Анна Масс - Белое чудо
— А потому что он меня не слушает! — сказала Рита. — Я ему все время говорю: отдохни, отдохни! А он как ошалел со своей работой. У него ум за разум скоро зайдет.
— Слышишь, что жена говорит? — строго спросил Боря.
Я подумала: услышал бы он разговор о сапогах за сто двадцать рэ — понял бы, что к чему.
— Все! — решительно сказал Алеша. — Полный отдых! К черту! Устал как собака.
Егор развязал рюкзак и передавал Рите привезенные продукты: сыр, шпроты, пучки лука и свежей редиски, три маленькие желтые дыньки, белые батоны. Впервые за столом было очень весело. Мне хотелось, чтобы этот обед подольше не кончался. Но он кончился, а праздничное настроение осталось. Боря сбегал к колодцу за водой, все вместе как-то быстро и незаметно всё убрали, вымыли посуду и отправились на речку. Ядвигу Васильевну из вежливости тоже пригласили, но она сказала, что хочет подремать после обеда, против чего, конечно, никто не стал возражать.
На обочине дороги валялась покрышка от колеса — я сколько раз проходила мимо нее, не обращая внимания. Но Боря, увидев эту старую покрышку, очень обрадовался, выкатил ее на дорогу, и оказалось, что эта никому не нужная штука при наличии фантазии может доставить массу удовольствия. Боря пытался ехать на ней верхом и даже стоя, перебирая ногами и балансируя. У него это не получалось, он падал, а Егор и Алеша отпускали шуточки по поводу Бориной медвежьей грациозности. Так и прикатили круг на речку. А уж на речке он оказался просто как нельзя кстати. Его торжественно спустили на воду и стали изображать, будто это корабль, а Егор — адмирал.

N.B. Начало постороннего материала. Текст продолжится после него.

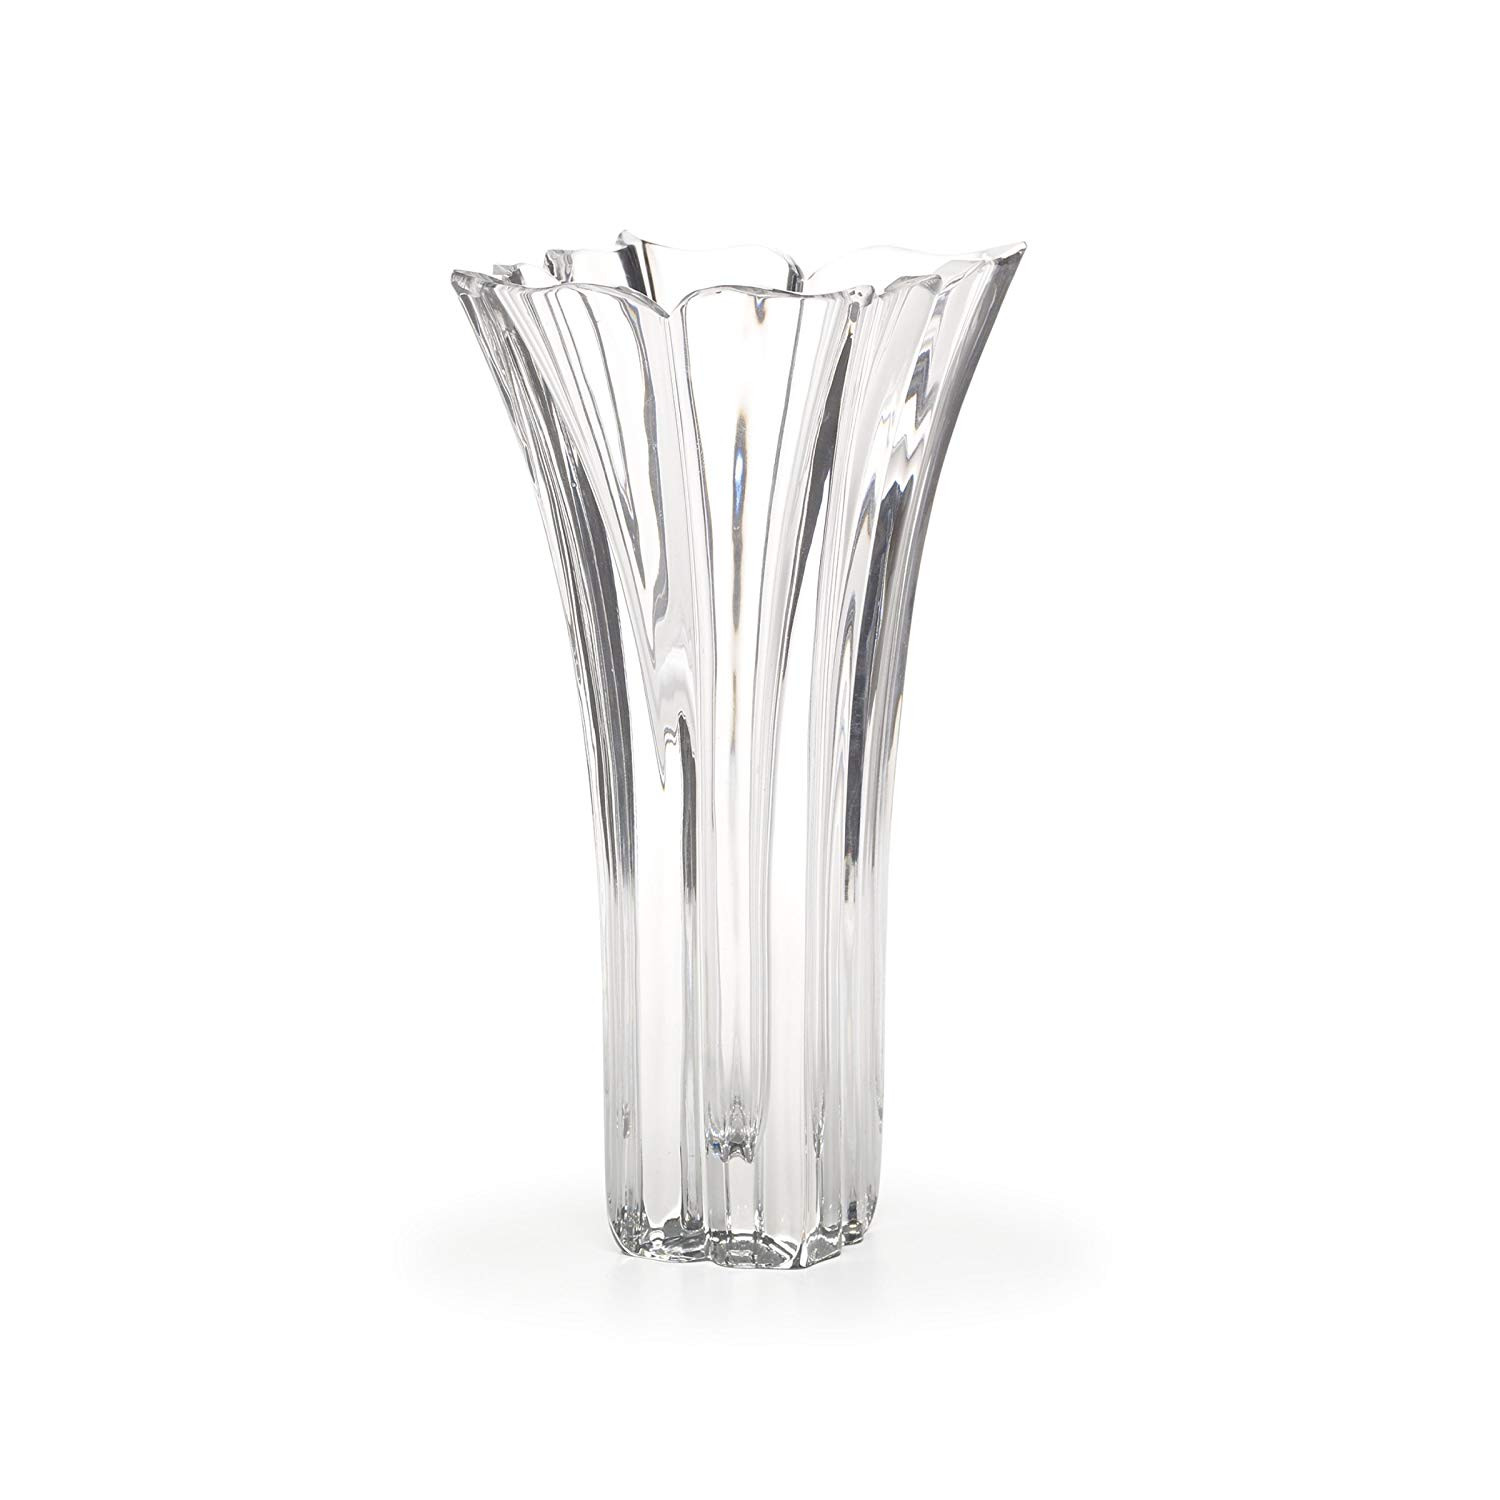 marquis by waterford sheridan flared 11 inch vase of amazon com mikasa crystal florale bud vase 8 inch home kitchen regarding 71 mobl h4l sl1500

— На абордаж! — кричал Боря, и они с Алешей пытались выпихнуть Егора из колеса, а тот сопротивлялся — я просто визжала от смеха, глядя на их возню.
Рита села на полотенце и стала смотреть на купающихся. Я уж Риту достаточно изучила и видела: она недовольна тем, что никто не обращает на нее внимания. Она привыкла быть в центре, а тут о ней вроде все забыли.
Через некоторое время, наигравшись, все вышли на берег.
Алеша сказал:
— Эх, ребята, завидую вам! Мне бы тоже в палатку... Вспомнить былое.
— Что значит — завидуешь? — сказал Боря. — А вы разве не останетесь?
Алеша нерешительно посмотрел на Риту:
— Котичка, как ты на это?
— Ну, если это общее желание... — начала Рита и выразительно взглянула на Егора.
— Насильно никого не удерживаем, — сказал Егор.
Рита засмеялась, а глаза у нее стали злые — ну точно Ядвига Васильевна, только моложе.
— Лично я не вижу никакой радости спать в палатке, — сказала она. — Да и Лешке ни к чему.
Боря сочувственно хлопнул Алешу по спине и шутливо сказал:
— Нечего, нечего! Дома ночуй, ты теперь человек семейный.
— А ты? — с досадой спросил Алеша.
— Ну, я. Я бы, может, и рад ночевать в собственной постели, да ведь меня Катька насильно вытащит на ландшафт.
— И вытащу, — подтвердила Катя. — Не дам жиры нагуливать.
— Такая жизнь! — вздохнул Боря и развел руками.
И было видно, что он ничего не имеет против такой жизни, что она ему очень нравится.
Да и кому может не понравиться? Я жалела каждую уходящую минуту, мне хотелось, чтобы этот день никогда не кончился.
Алеша отвел Риту в сторонку и что-то горячо ей доказывал, уговаривал остаться. Потом они втроем — Егор с ними — ушли в деревню за палаткой и рюкзаком, а мы с Борей и Катей натаскали хворосту и разожгли костер на самом берегу реки, на песчаном мыске. Солнце заходило, лес на том берегу потемнел, а огонь нашего небольшого костерка отразился в воде. Боря сказал:
— Эх, перенести бы все это на холст и умереть.
— Ты лучше живи, — сказала Катя. — Все равно не перенесешь.
Вернулись Егор с Алешей и принялись ставить палатку.
— А Рита где? — спросила Катя.
— Да что-то захандрила. Не захотела идти, — ответил Алеша.
Я так и знала. Наверно, на Егора обиделась. Ну и очень хорошо. Без нее лучше. Вот только Алеша сник и время от времени поглядывал на часы, стараясь, чтобы никто этого не заметил. А я забыла о времени. Так хорошо было сидеть у костра, петь песни под Борину гитару, выкатывать из костра пропеченную картошку и, обжигаясь, есть ее.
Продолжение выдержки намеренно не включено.